1 large purple onion
3 cloves garlic, minced
2 cups purple cabbage, about half a medium head
A few sprigs of fresh thyme (or tsp. dried)
1 tbsp. fresh dill (or tsp. dried)
¼ cup honey or agave syrup
¼ cup dill pickle brine or vinegar
1 tbsp. prepared horseradish
1 English cucumber, diced
Salt and Pepper to taste
1 cup sour cream or crème fraiche
Scrub your beets really well. Cut the root end and the top end off. Cut the long stems from the tender leaves.
First decision: do you want to quickly make your own stock? It is almost as easy as throwing your vegetable trimmings in the trash! Just throw them in the pot:

In your stockpot, place the root ends and the long stems of the beets.
Cut the top and bottom off your purple onion and peel. Place all these trimmings in the stockpot.
Mince the garlic and add the trimmings to the stock pot, along with the core of the cabbage. Dice up the cabbage.
To the stockpot, add a teaspoon of salt, a few grinds of pepper, two or three bay leaves, a couple of star anise, and a quart of water. Bring to a boil, and simmer for a half hour.
I prep all these vegetables and get the stock going, then proceed with the soup. It takes only a minute longer in your day to add water to the stockpot and make your own broth rather than throw out these ingredients! You will end up with a beautiful ruby red stock!
However, you can use a quart of vegetable stock in its place.
Once the stock is done, strain it and add it back to the pot along with the beets, onions, cabbage, garlic, thyme, and dill. Bring to a boil, cover, and simmer for another 40 minutes or so, until the beets are nice and tender. Cool.

Remove the beets from the pot and reserve one large one to use as garnish. I advise the use of plastic gloves here unless you want purple hands. Roughly chop the rest of them up. Since these beets will be mostly pureed, you don’t need to peel them.
Add the chopped up beets back to the stock along with honey or agave syrup, you can also use white sugar, pickle juice (or other sharp vinegar, or lemon juice, or combination of both), horseradish, cucumber, and salt and pepper to taste.
Second decision: Chunky or pureed?
Put everything through a blender and puree to your desired smoothness.

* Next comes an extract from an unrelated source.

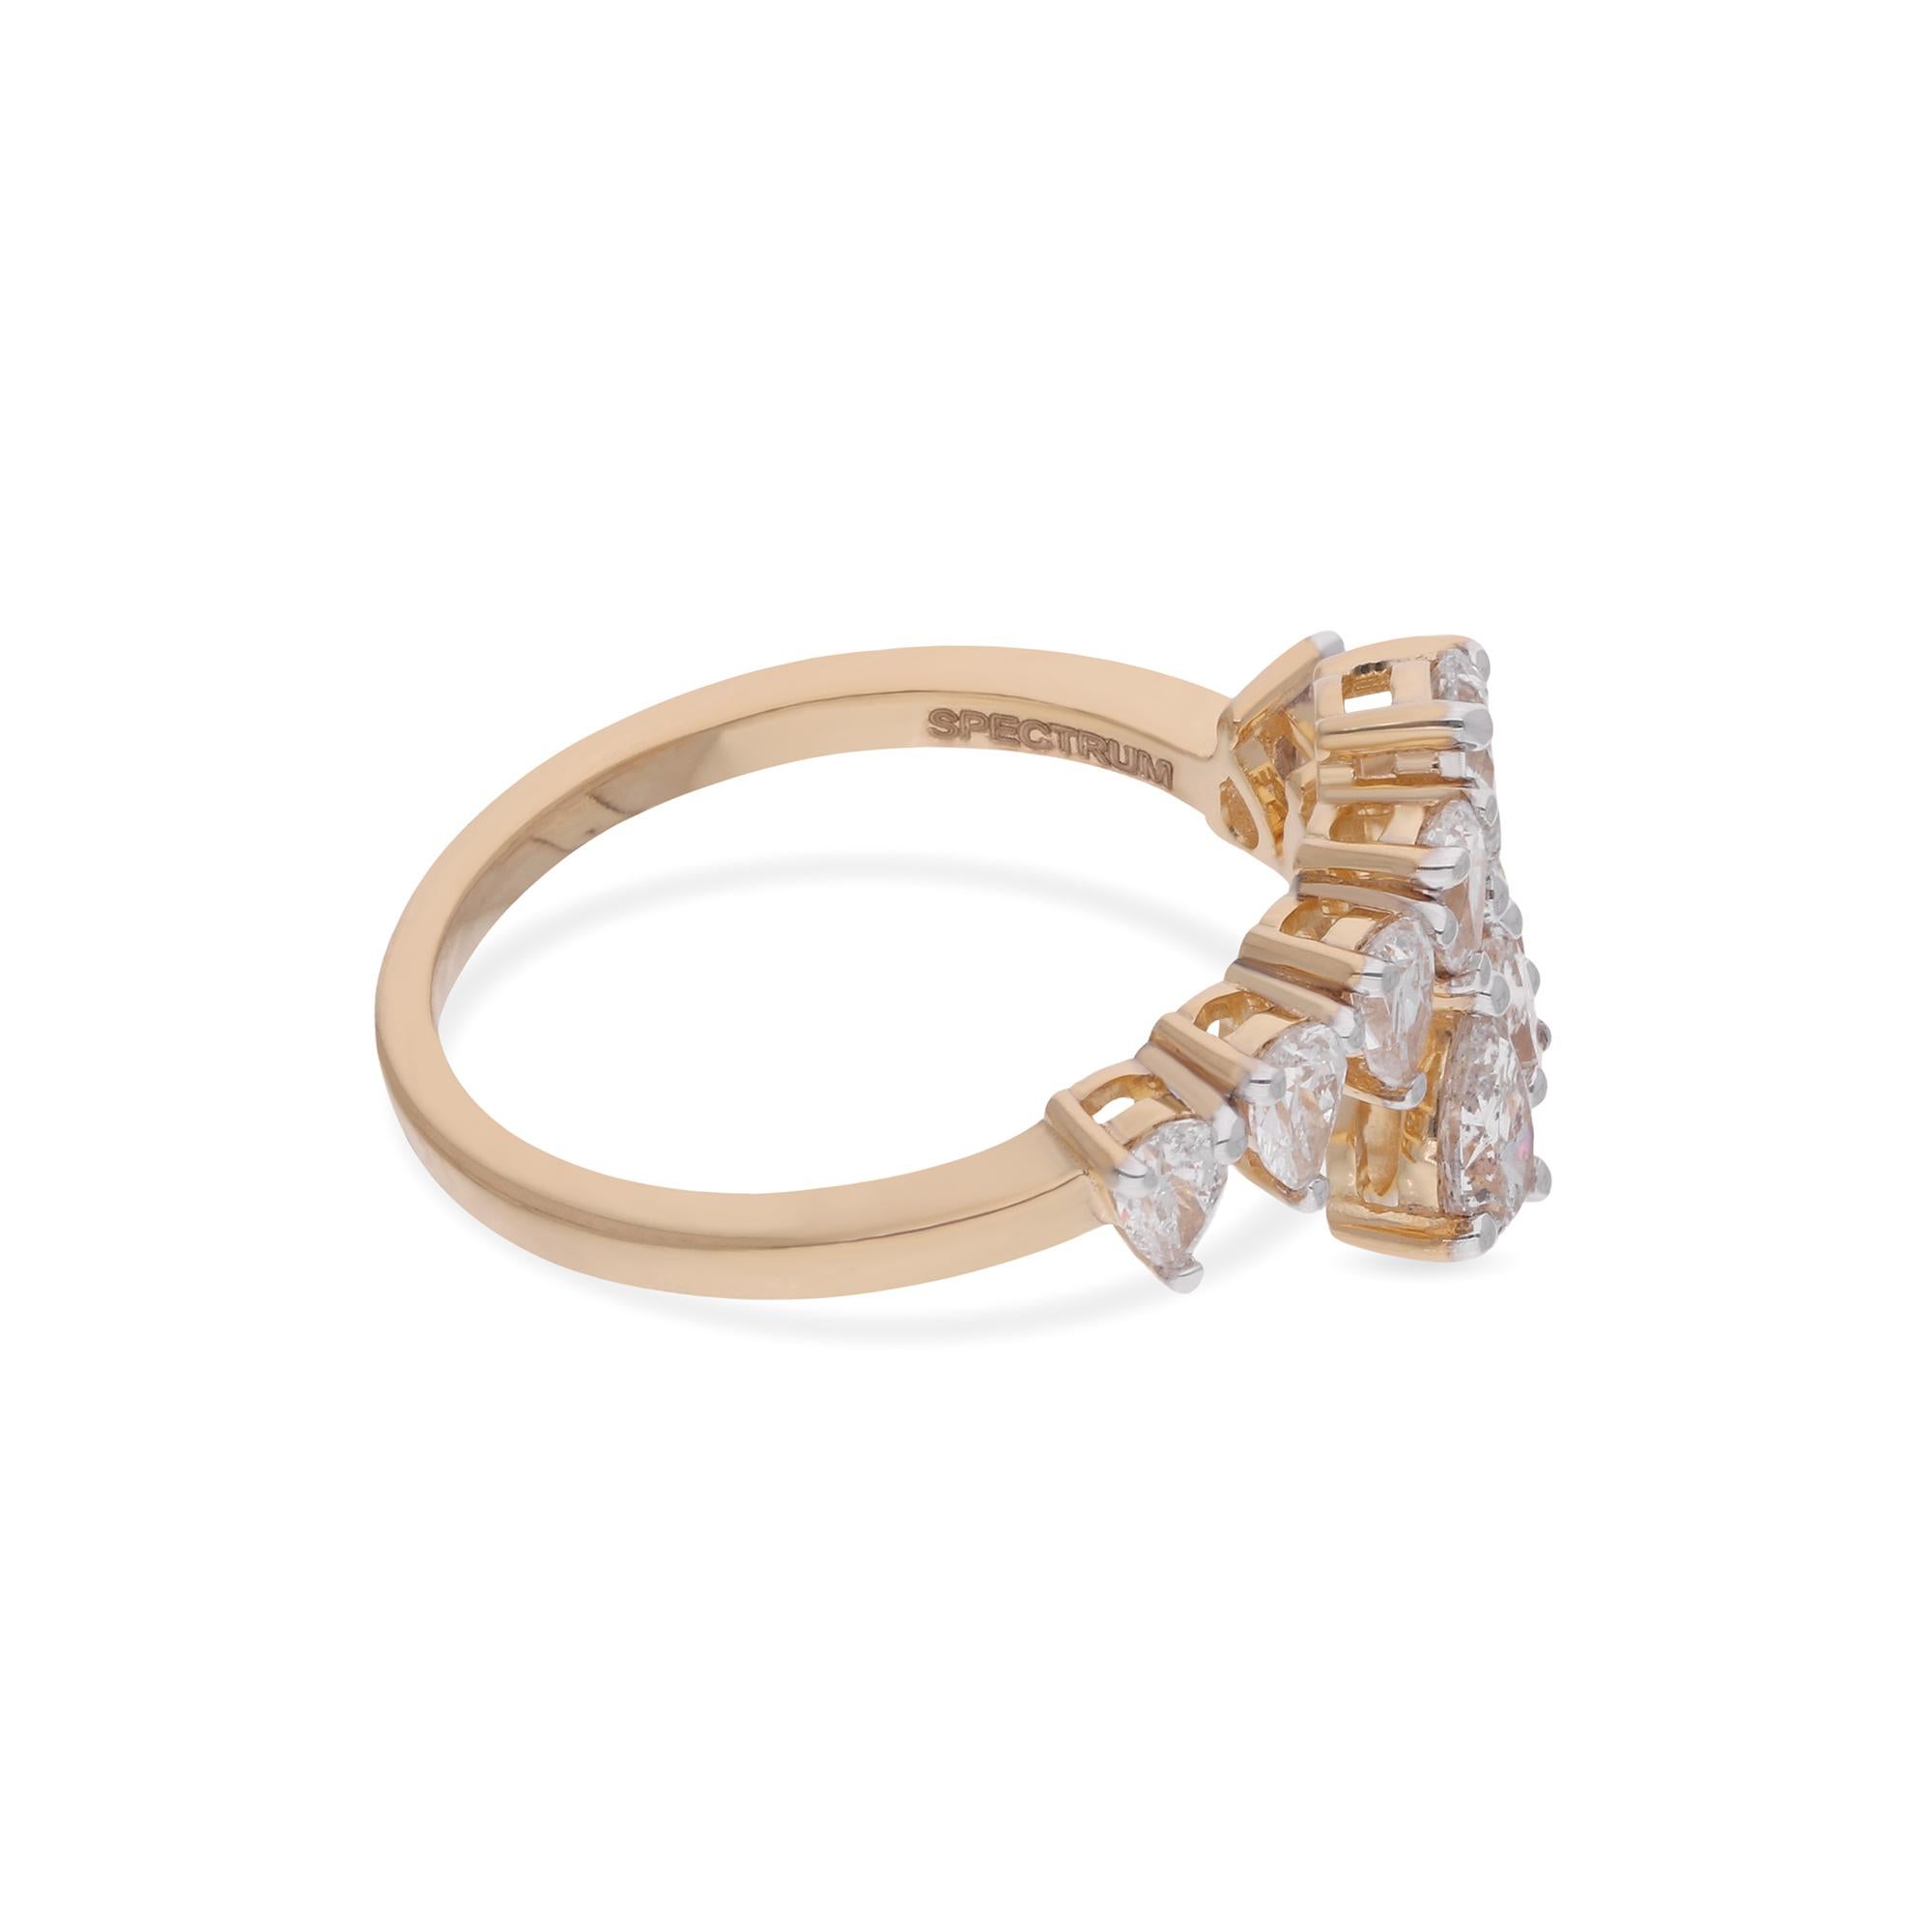 Elevate your style with the understated elegance of this Real 0.9 Carat Diamond Wrap Ring, crafted with meticulous attention to detail in radiant 18 karat yellow gold. A true embodiment of sophistication, this ring features a genuine 0.9 carat

You can also just pulse this carefully in a food processor if you want it chunky.
Third decision: Sour cream blended in or topped?
Many recipes call for adding the sour cream before popping in the refrigerator to chill. This will make the soup a pretty pink. You can also simply the add the sour cream upon serving and let everyone decide how much, if any, sour cream they want.
Chill at least four hours, but overnight is even better.
Dressed for dinner:Place in chilled, shallow bowls. Place reserved, chopped beets in the middle of the bowl, and add a dollop of sour cream, and a sprinkle of dill. You can also top with a hard boiled egg, halved, sprinkled with capers.
Alternately, you can lightly steam some of the reserved tender leaves and drape them on top of the soup.